Generally, the assumption that road users are moving on the zero-plane might result in inaccuracies if the studied area is not flat (for example, if one of the intersection legs had a more acute incline compared with the rest of the intersection). This becomes even more probable if a larger area is studied (e.g., covered with several cameras). To compensate, it might be necessary to create a model of the road surface (for example, by interpolating the heights of the measured points); instead of always assuming that road users travel on the zero-plane, the actual height calculated by the surface model could be used.
Conclusions
Carefully choosing calibration points appears highly crucial to the quality of the final calibration model. Ideally, these points should cover evenly the entire camera image, but their locations around the studied area (e.g., zebra markings around an intersection) might still be a reasonable compromise.

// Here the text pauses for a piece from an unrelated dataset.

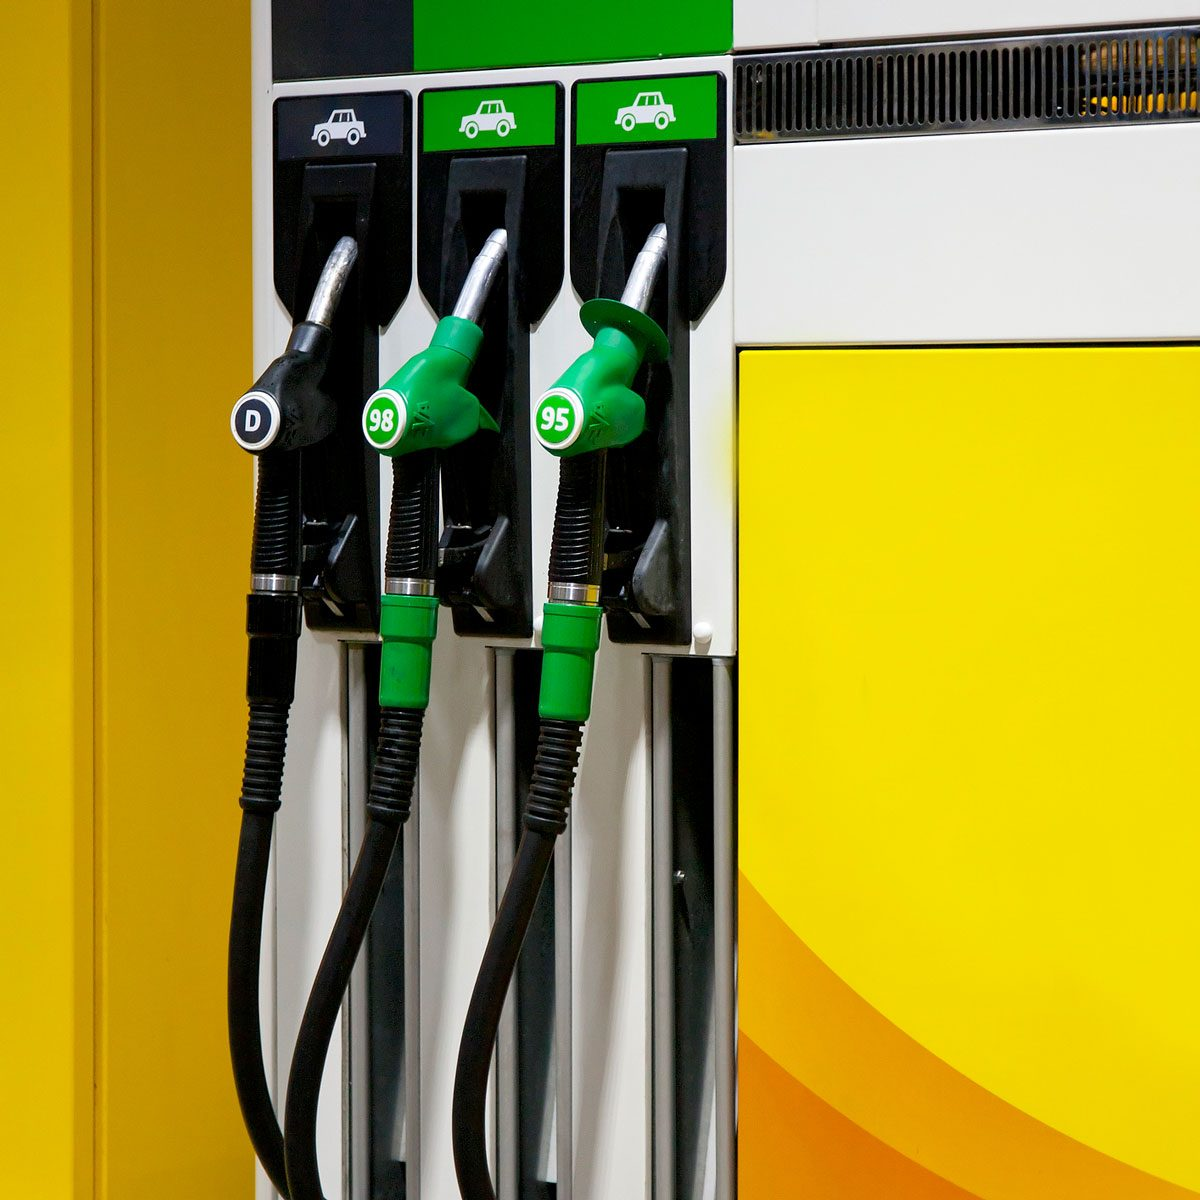 Gas pump with diesel

Camera height affects the accuracy of the measurements, but to a lesser extent than calibration point selection.
Inaccurate world coordinates of the calibration points (e.g., taken from a blurry satellite image) result easily in an inadequate calibration model. Additional visual control of the obtained calibration (e.g., by drawing a grid on the zero-plane) is highly recommended.
The use of several camera views with common points may greatly improve the calibration of each single camera. The additional camera views do not necessarily require another video camera installation, they can simply be taken with a mobile phone or camera, thus minimizing the additional work required.
The introduction of a road surface height model might be an additional step toward improving the accuracy of measurements from videos. This might be particularly important in the case of a large study area in which significant height variations are possible; thus, the assumption that road users move on the zero-plane might be insufficient.
In this study, we have not investigated the temporal aspect of the measurements from videos (for example, the accuracy of speed and acceleration calculated based on the positions measured from a video). This aspect should be addressed in future research.
Footnotes
Acknowledgements
This work has received funding from the European Union’s Horizon 2020 research and innovation program under grant agreement No. 635895. Some data were collected in a project financed by Vinnova, Sweden’s innovation agency.
Author Contributions
The authors confirm contribution to the paper as follows: study conception and design: A.L., M.N.; data collection: A.L.; analysis and interpretation of results: A.L.; draft manuscript preparation: A.L., M.N. All authors reviewed the results and approved the final version of the manuscript.
The Standing Committee on Highway Traffic Monitoring (ABJ35) peer-reviewed this paper (18-01963).
This publication reflects only the authors’ views. The European Commission and Vinnova are not responsible for any use of the information it contains.